Task instructions
Set down, word for word, every line of the material below from the one containing "Куб от фирмы" through the one containing "Tecido Viscose Vermelha", but none of its pictures.

Data to examine
========================

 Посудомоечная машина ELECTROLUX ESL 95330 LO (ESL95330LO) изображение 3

========================

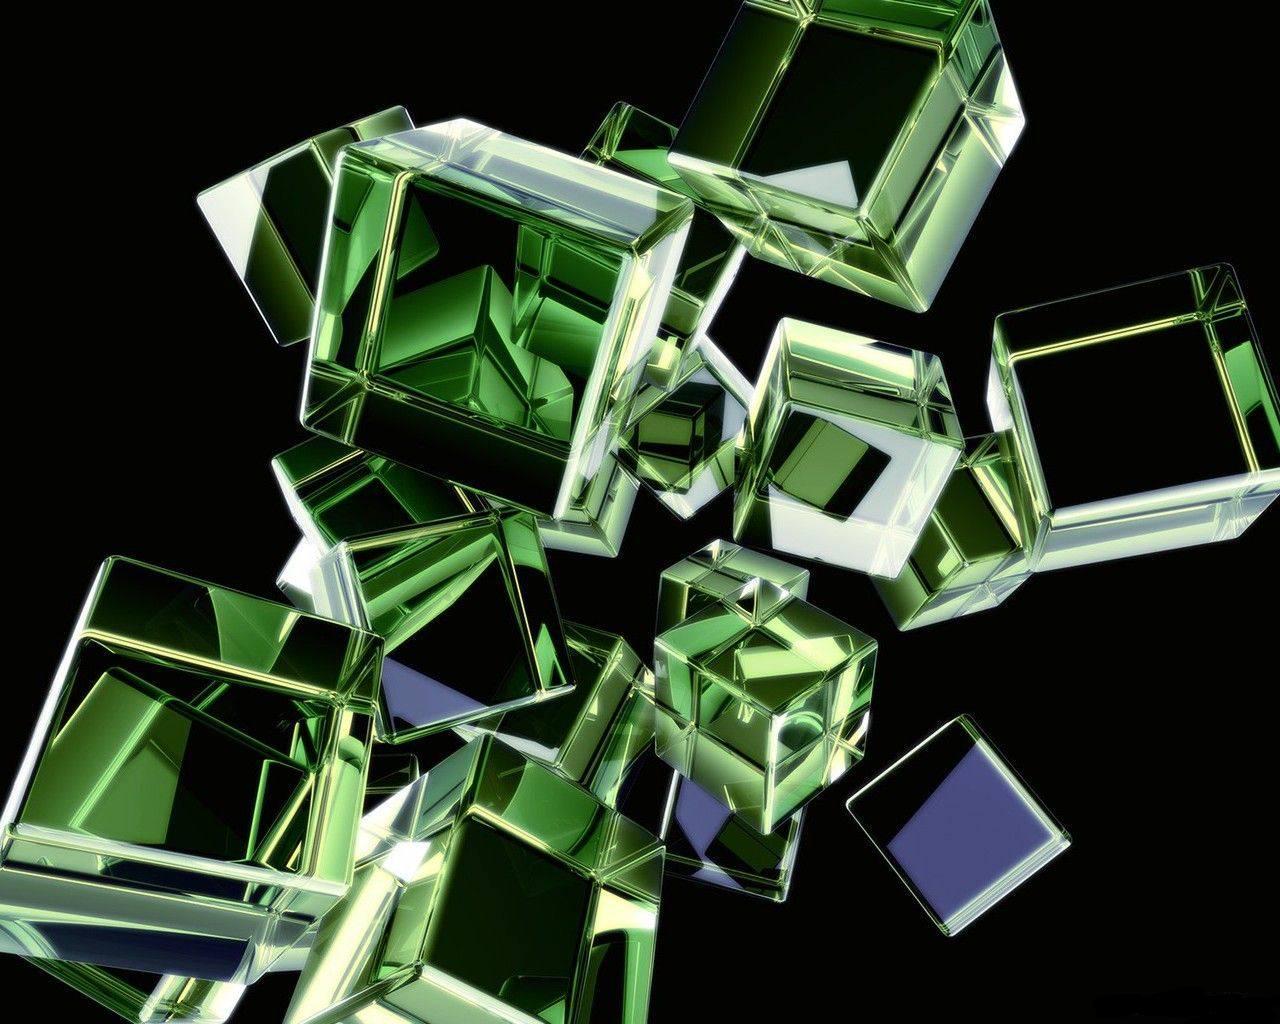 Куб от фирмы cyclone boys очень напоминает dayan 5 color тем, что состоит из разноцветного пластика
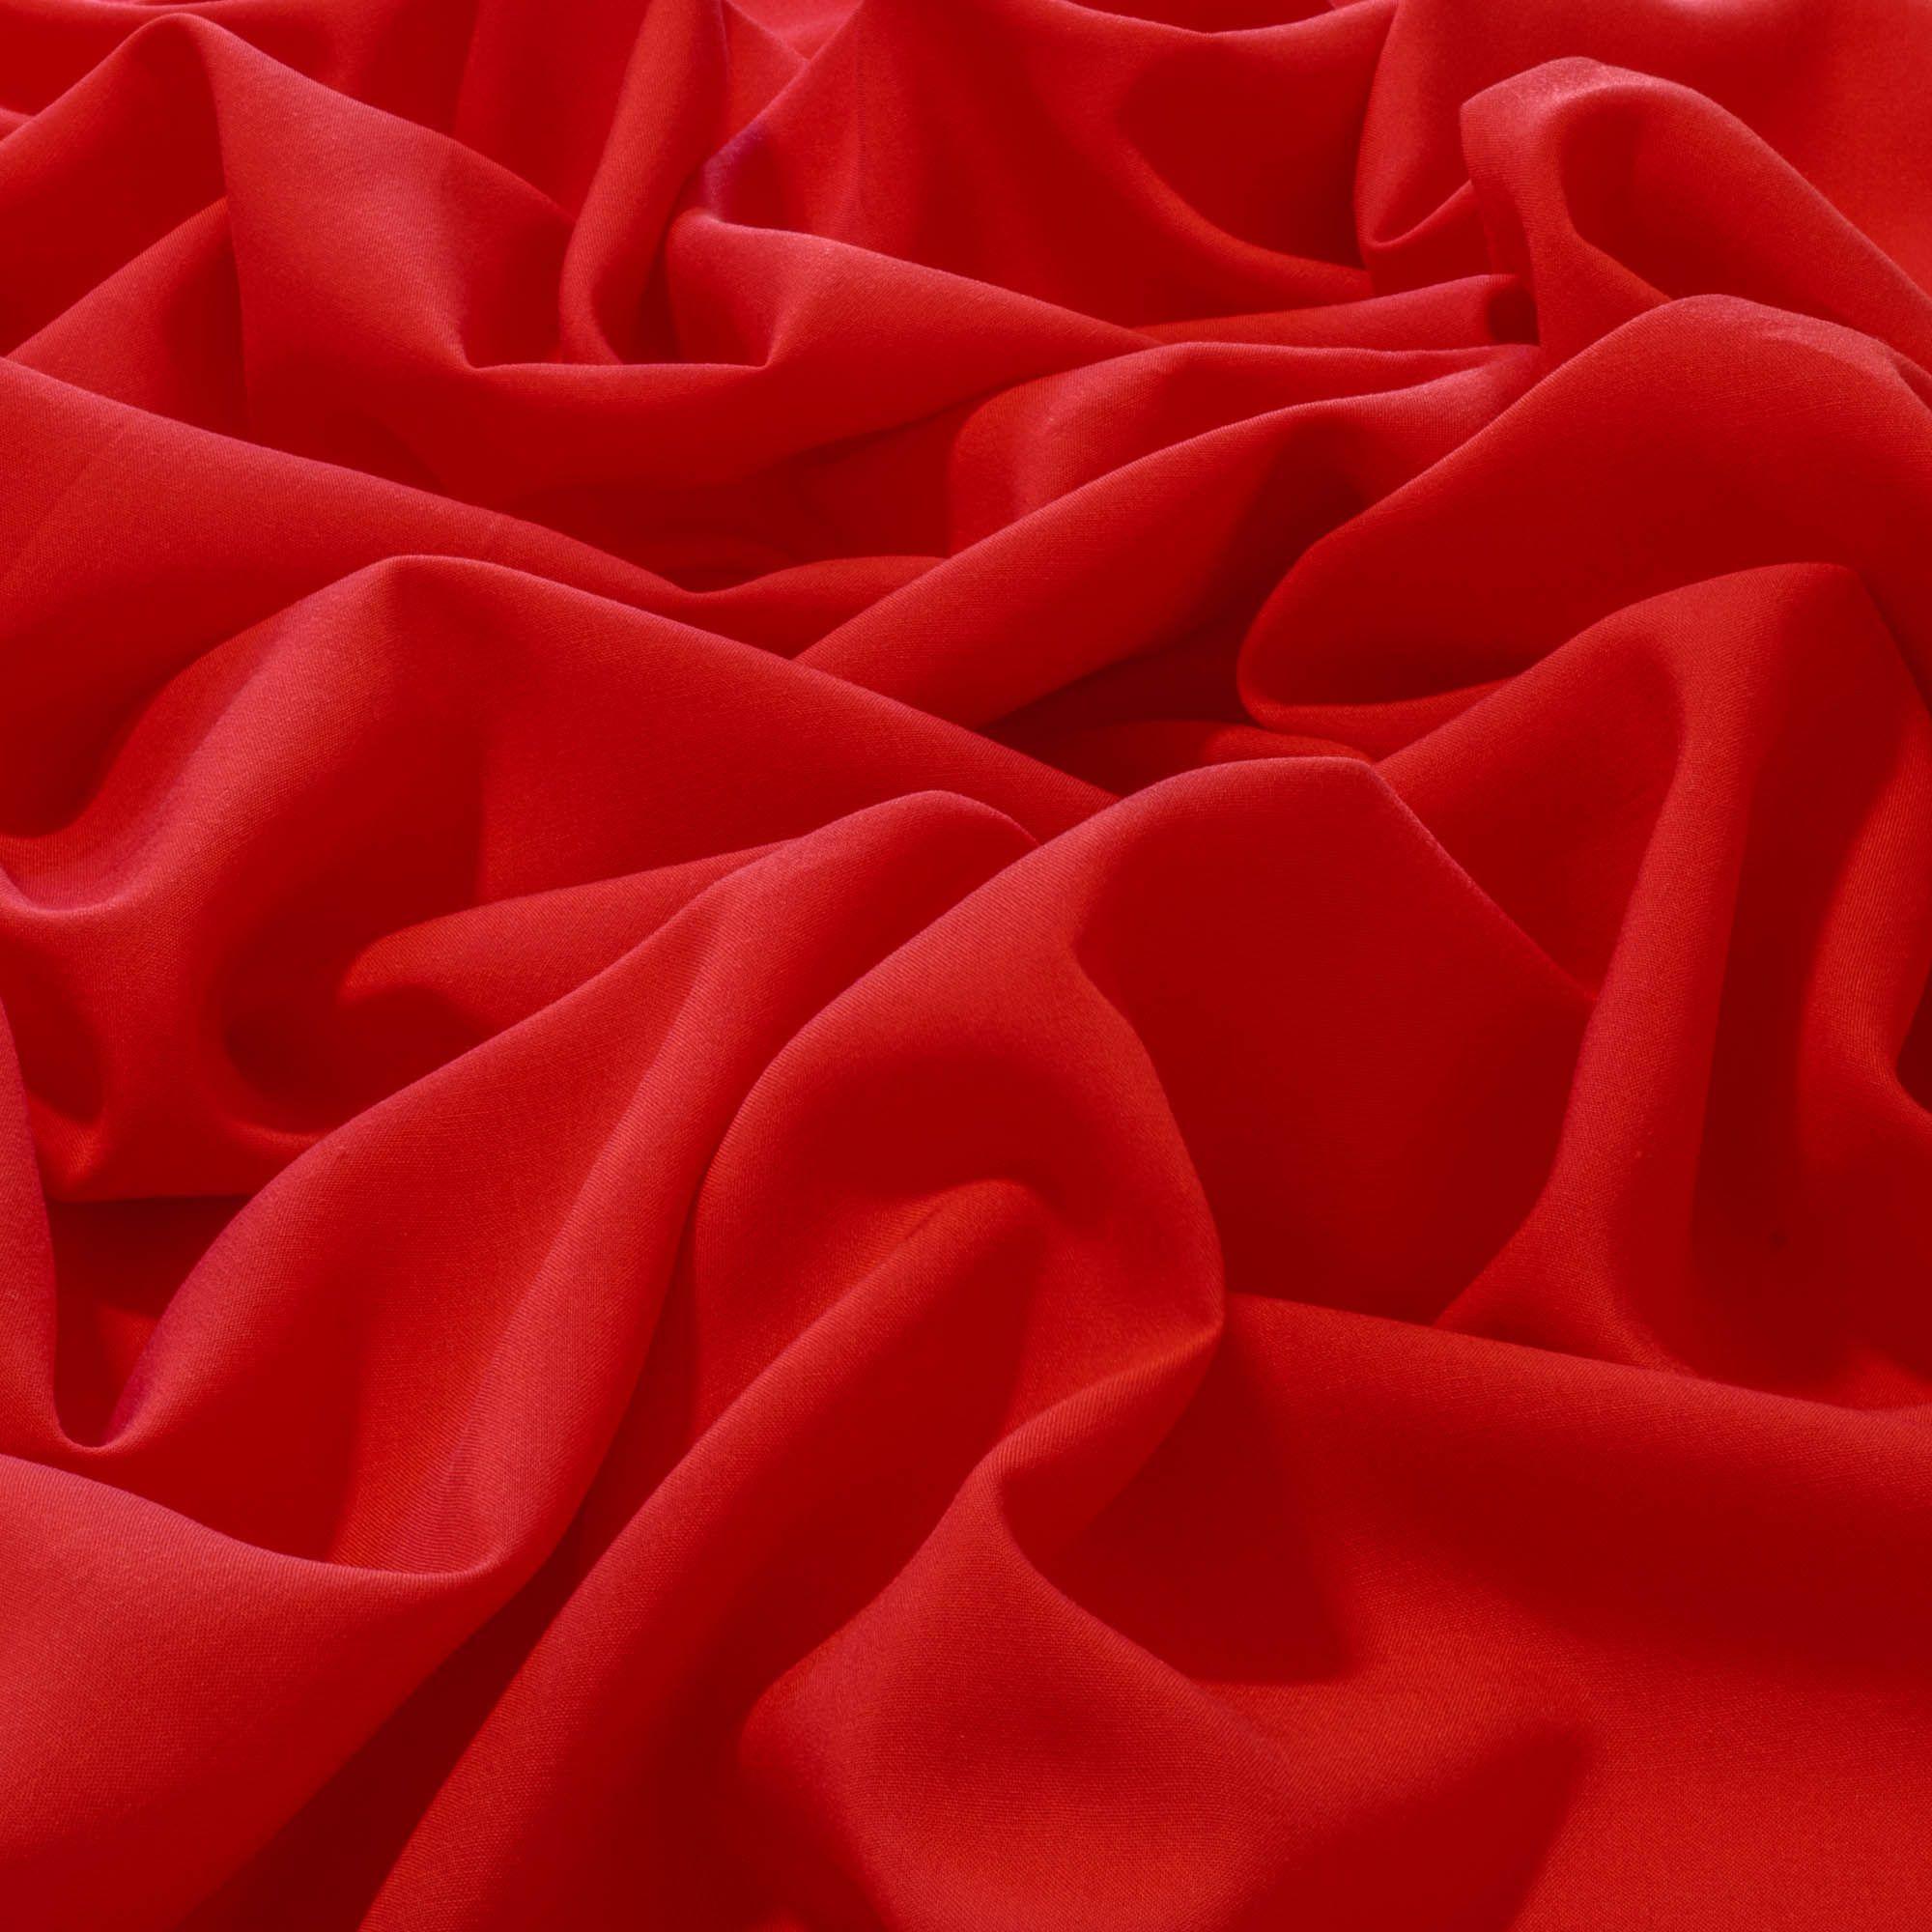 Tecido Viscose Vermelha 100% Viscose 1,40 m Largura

========================

Response
 Куб от фирмы cyclone boys очень напоминает dayan 5 color тем, что состоит из разноцветного пластика
 Tecido Viscose Vermelha 100% Viscose 1,40 m Largura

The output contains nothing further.